The human race has had a limited view of the sky, and the cosmos beyond. At first we had our own eyesight, then lenses, then telescopes, then non-visual spectrum sensors, and now a few satellite platforms for the same technologies.

As the move to habitation of the Moon and Mars moves forward, what does this mean for our cosmological viewing capabilities?

There is no atmosphere to obscure our telescopic vision from the Moon.

Mars' atmosphere is far less dense than Earth's, so that's also less-occluded view of the sky from Mars.

So, considering that some of our most interesting observations have been made by ganging up several terrestrial telescopes and using them in unison, what further capabilities might we gain from having permanent viewing platforms on Earth, the Moon, and Mars?

Are the orbital mechanics too difficult? While it is possible to calculate the correct viewing time/location on both Earth and Mars, would the window of opportunity simply be too small to view a single point in the sky from both vantage points simultaneously?

Do we leverage more asynchronous viewing, like they did recently with the black hole photos? (Have all three viewing platforms take images of Location X, then composite the images together later?)

It seems like this "tripod for cosmic imaging" idea would allow us "better" views of the galaxy... but I'm not smart enough to work out what "better" means, or what additional capabilities might be opened up when we have viewing platforms on multiple planetary bodies.

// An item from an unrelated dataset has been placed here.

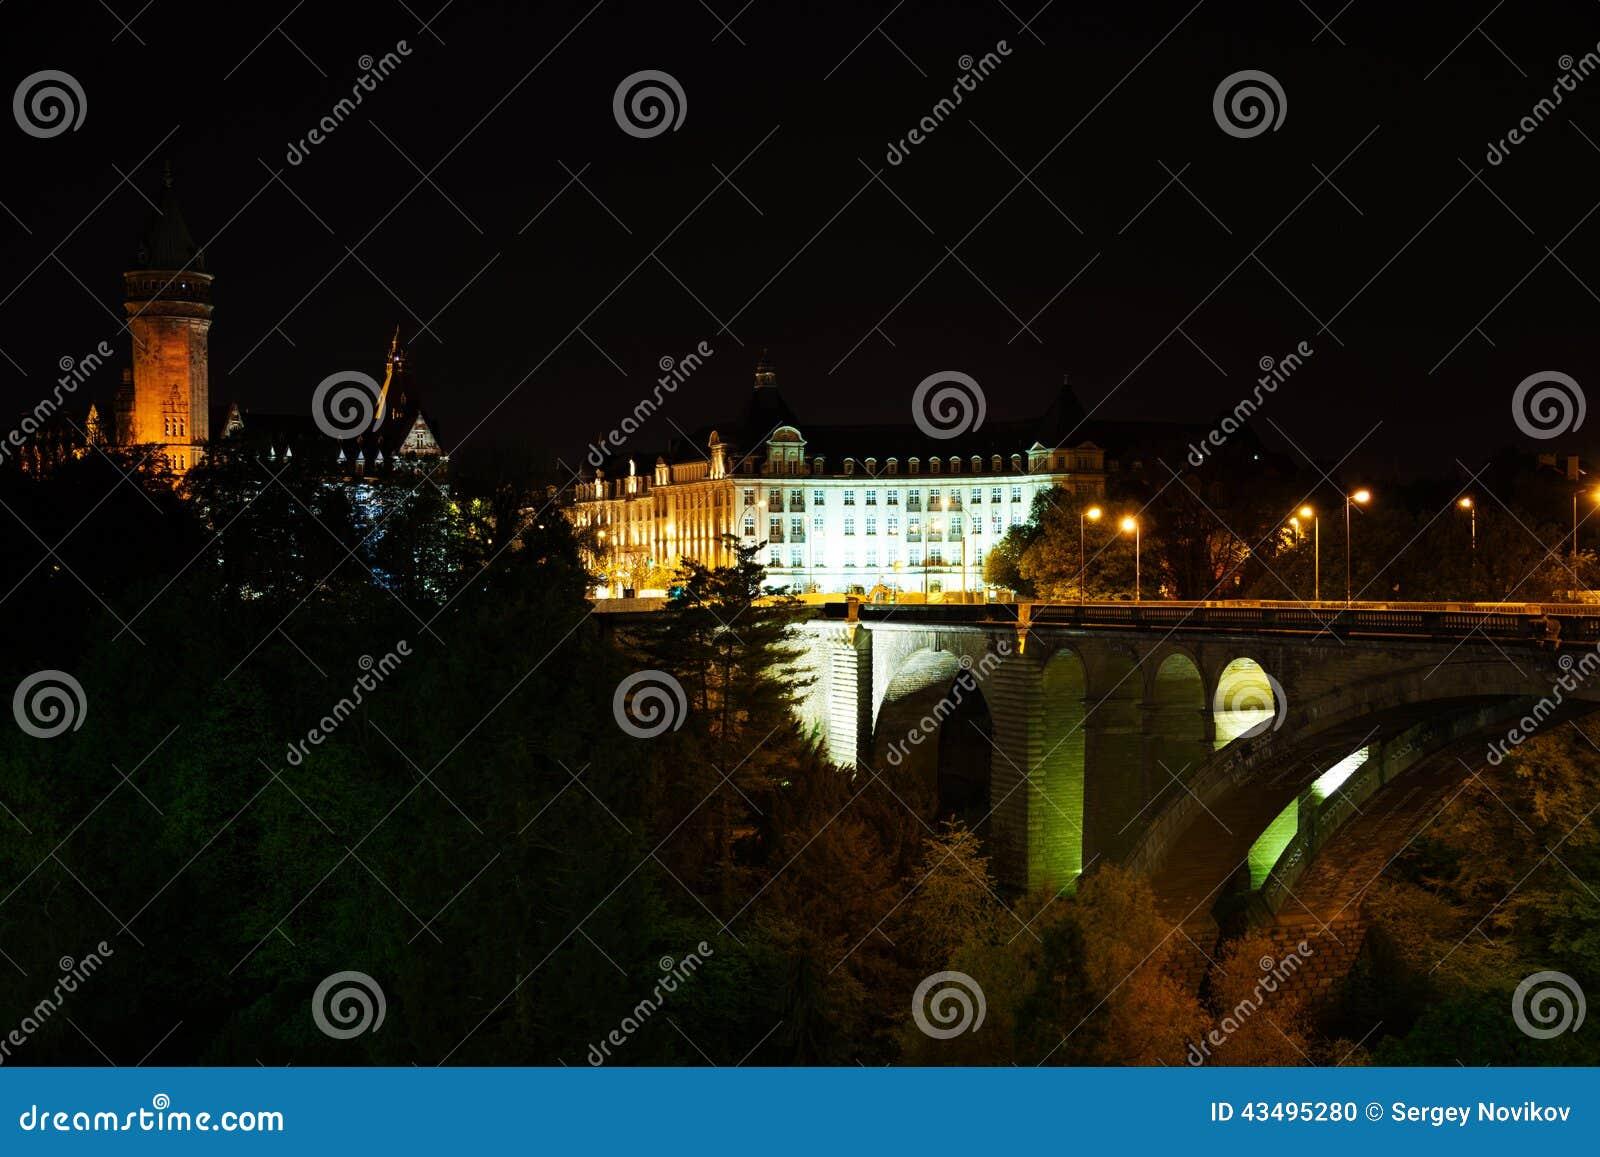 Nachtmening van Adolphe Bridge, de Spaarbank van de Staat

Anyone wanna try and think this through with me?

kleinbl00:

francopoli to back me up 'cuz that d00d has forgotten more about telescopes than I'll ever know and am_Unition because he does space observations for a living and stuff but

adding scopes up optically doesn't gain you that much. I mean it sort of does but at that point you're basically getting non-visual data in the optical wavelength, it's not like you get a better photograph out of it.

Deformable mirrors and laser guide stars have basically allowed an entire generation of telescopes to stay relevant. You can virtually eliminate atmospheric perturbation with one. I went deep down the rabbit hole on this one because I figured if I was able to cobble my own MEMS array I could spy on spy satellites and shit which would be SUPER COOOOL but then I got to talkin' with the guys at Palomar and when you're talking "guide star" and "atmosphere" you're no longer talking "eBay lasers" you're talking "notify the FAA when you turn it on lasers" and that was about the time I realized that optics is kind of a settled science and that the engineers are applying materials science and state-of-the-art processing and manufacturing techniques faster than you really hear about as an amateur.

I mean obviously big damn mirror in outer space is always going to win. People have been suggesting telescopes on the far side of the moon for 60 years or more. When you say "things are going to be super-great if we can ever put a 20-foot mirror out there at like, Lagrange 2 or some shit so that the thing is completely isolated" the astronomers will say "it already has a Twitter account." And when you say "asynchronous viewing" they say "you mean like when we look at something in December and then again in June so that our light-gathering is 2AU wide?"

The black hole "photo" wasn't a triumph of imaging, it was a triumph of DSP. The signal they were working with wasn't anything new, really, it was the gob-smacking amount of post-processing necessary to cull the noise. From an imaging standpoint, the JWST is gonna be sumpin' else.